Assessing Multidimensional Impacts of Sustainable Energy: Evidence from Solar Home Systems in Rural Bangladesh
Kurata, Masamitsu (1); Matsui, Noriatsu (2); Ikemoto, Yukio (3); Tsuboi, Hiromi (4) (2016). 'Assessing Multidimensional Impacts of Sustainable Energy: Evidence from Solar Home Systems in Rural Bangladesh' Paper presented at the annual conference of the HDCA, Tokyo 2016.
This paper assesses the multidimensional impacts of solar home systems (SHS) on household income, consumption, education, health, and security in rural Bangladesh. In recent years, SHS has attracted worldwide attention since it can promote sustainable and renewable energy in developing countries without any large-scale infrastructure (Sustainable Energy for All ,2014; Tsuboi, 2015). It is likely that SHS will play an important role in achieving Sustainable Development Goal 7, namely, to “Ensure access to affordable, reliable, sustainable, and modern energy for all,” by 2030.
SHS is expected to have various functional advantages: (1) consumption of traditional energy sources such as firewood and kerosene will be reduced; (2) income will be increased by extension of income-generating activities at home during night time; (3) educational attainment of children will be enhanced by extension of study time; (4) health conditions of household members will be improved by controlling indoor air pollution; and (5) security against fire, theft, and other criminal activities will be improved owing to the availability of bright light at night.
If these advantages prove to be effective, SHS can be regarded as an efficient solution to alleviate “multidimensional poverty” (MP), theoretically established by Alkire and Foster (2011), and which has been widely promoted by Human Development Reports since 2010. This is because SHS would not only fulfill the need for electricity, a component of MP itself, but because it would also contribute to other dimensions of education and health. An empirical research question here is whether, and to what extent, SHS really have such multidimensional impacts.

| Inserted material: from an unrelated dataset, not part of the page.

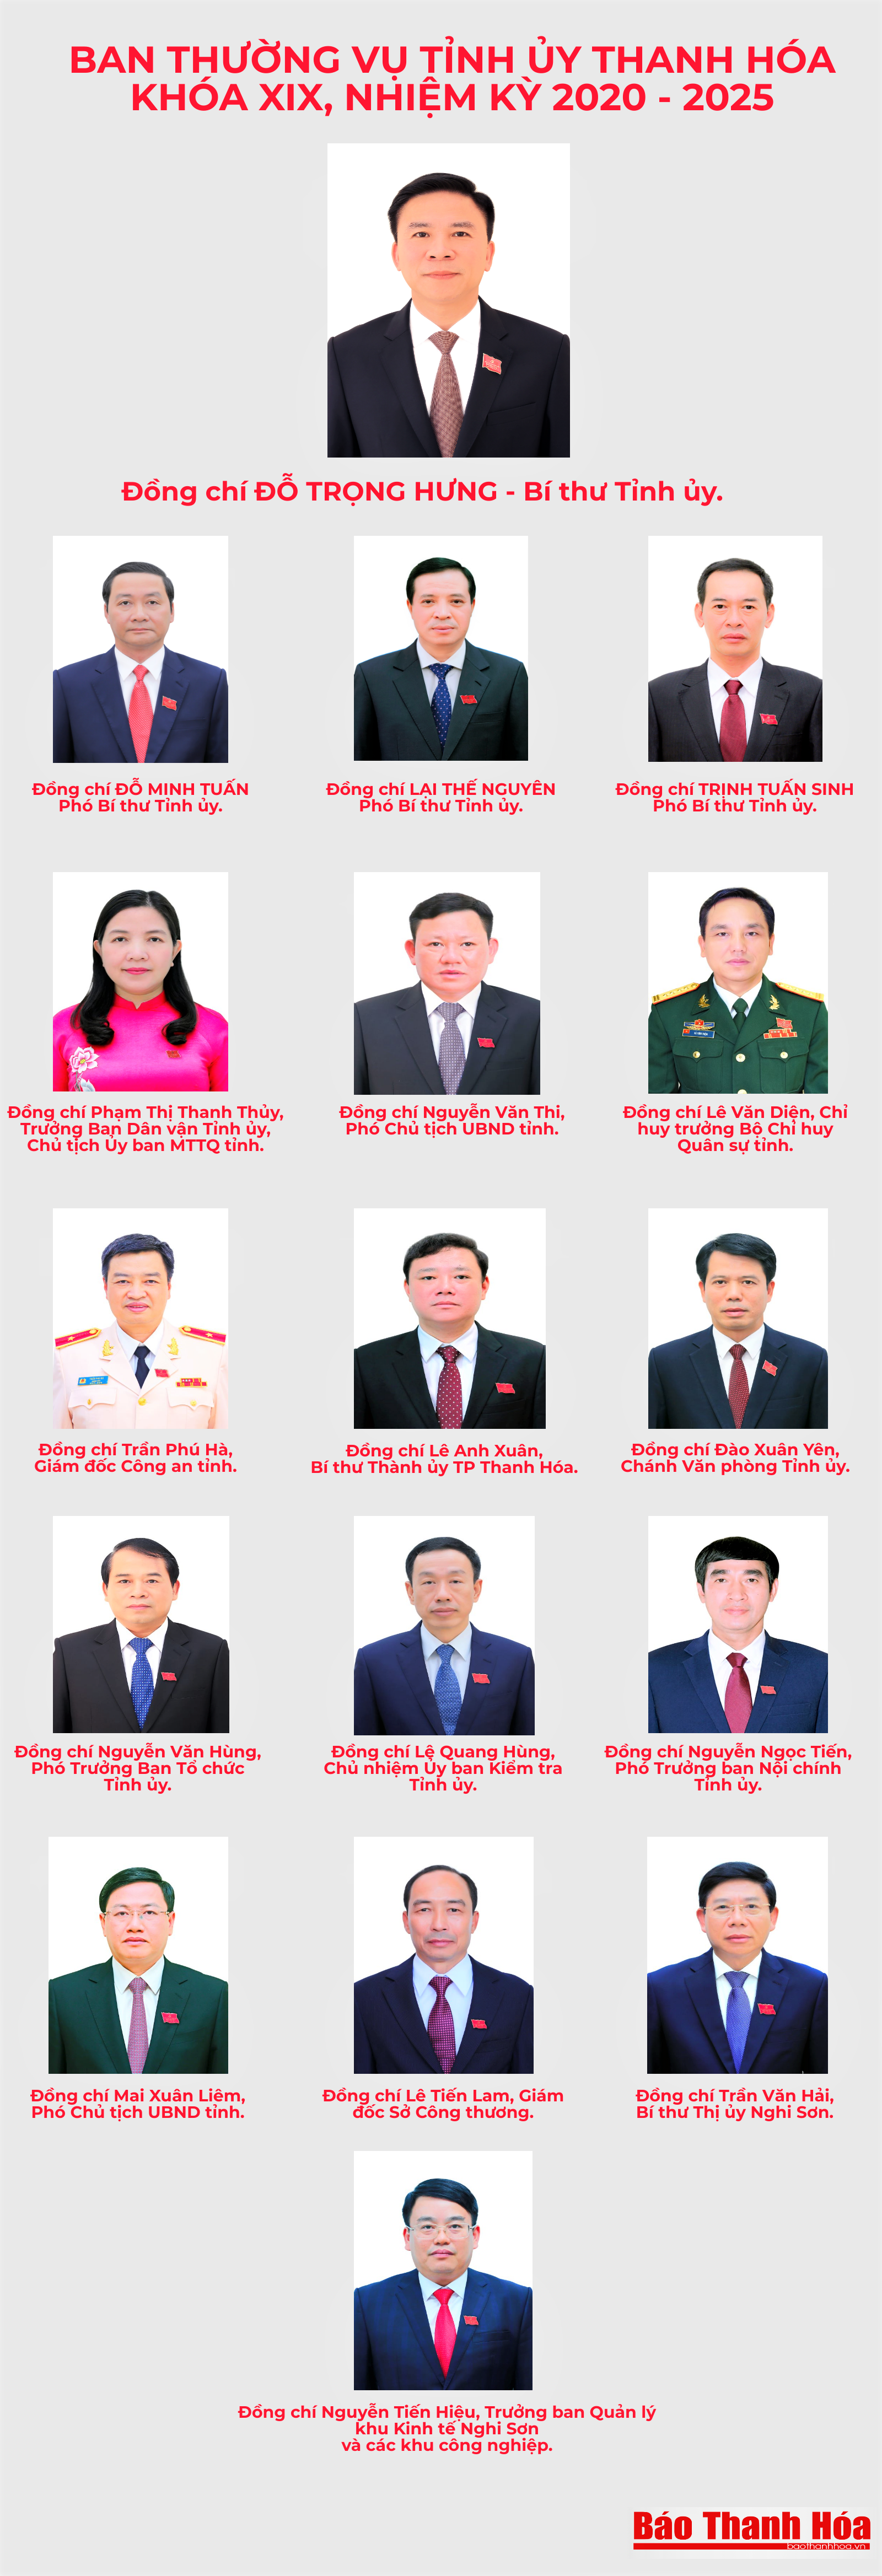 Danh sách Ban Thường vụ Tỉnh ủy Thanh Hóa khóa XIX, nhiệm kỳ 2020 - 2025

However, rigorous impact studies of SHS and related equipment are still limited, except for some papers, and the results of which are controversial. For example, Khandker et al. (2014) showed that SHS have positive impacts on income, consumption, and study time of children in Bangladesh—one of the developing countries where SHS have recently been rapidly promoted. Kudo et al. (2015) conducted an experimental study that comprised a randomized control trial of solar lanterns in river islands of northern Bangladesh. They found that the lanterns increased study time of children and decreased fuel consumption, but did not improve the health conditions of household members significantly.
In order to accumulate more evidence on the impacts of SHS, we conducted a survey during 2014 in the southern coastal area in Bangladesh (Barisal division), where the grid is not available and SHS have been rapidly introduced. In cooperation with Grameen Shakti, the largest provider of SHS in Bangladesh, households using SHS (i.e., the treatment group) were randomly sampled from the user list. For comparison, households not using SHS (i.e., the comparison group) who live near the treatment group were also randomly sampled. The final sample size was 477 households (245 and 232 for the treatment and comparison groups, respectively). In the survey, we asked respondents about the status of socio-economic indicators in both 2012 and 2013. As a method of analysis, we adopted a household fixed effects model to mitigate the problem of endogeneity by using two-period panel data.
As a result of the analysis, we found positive impacts on non-farm income and on consumption of food and clothing. Energy consumption, especially for kerosene, was significantly reduced as expected. In addition, for children in the treatment group aged 6–15 years, study time at home was extended. However, no significant effects on security (incidences of fire and theft) and health conditions (incidence of diseases with cough, headache, sore eyes, and skin burn) were confirmed. It was also confirmed that many SHS users are still utilizing kerosene lamps at home, which might explain the negligible impacts of SHS on health conditions.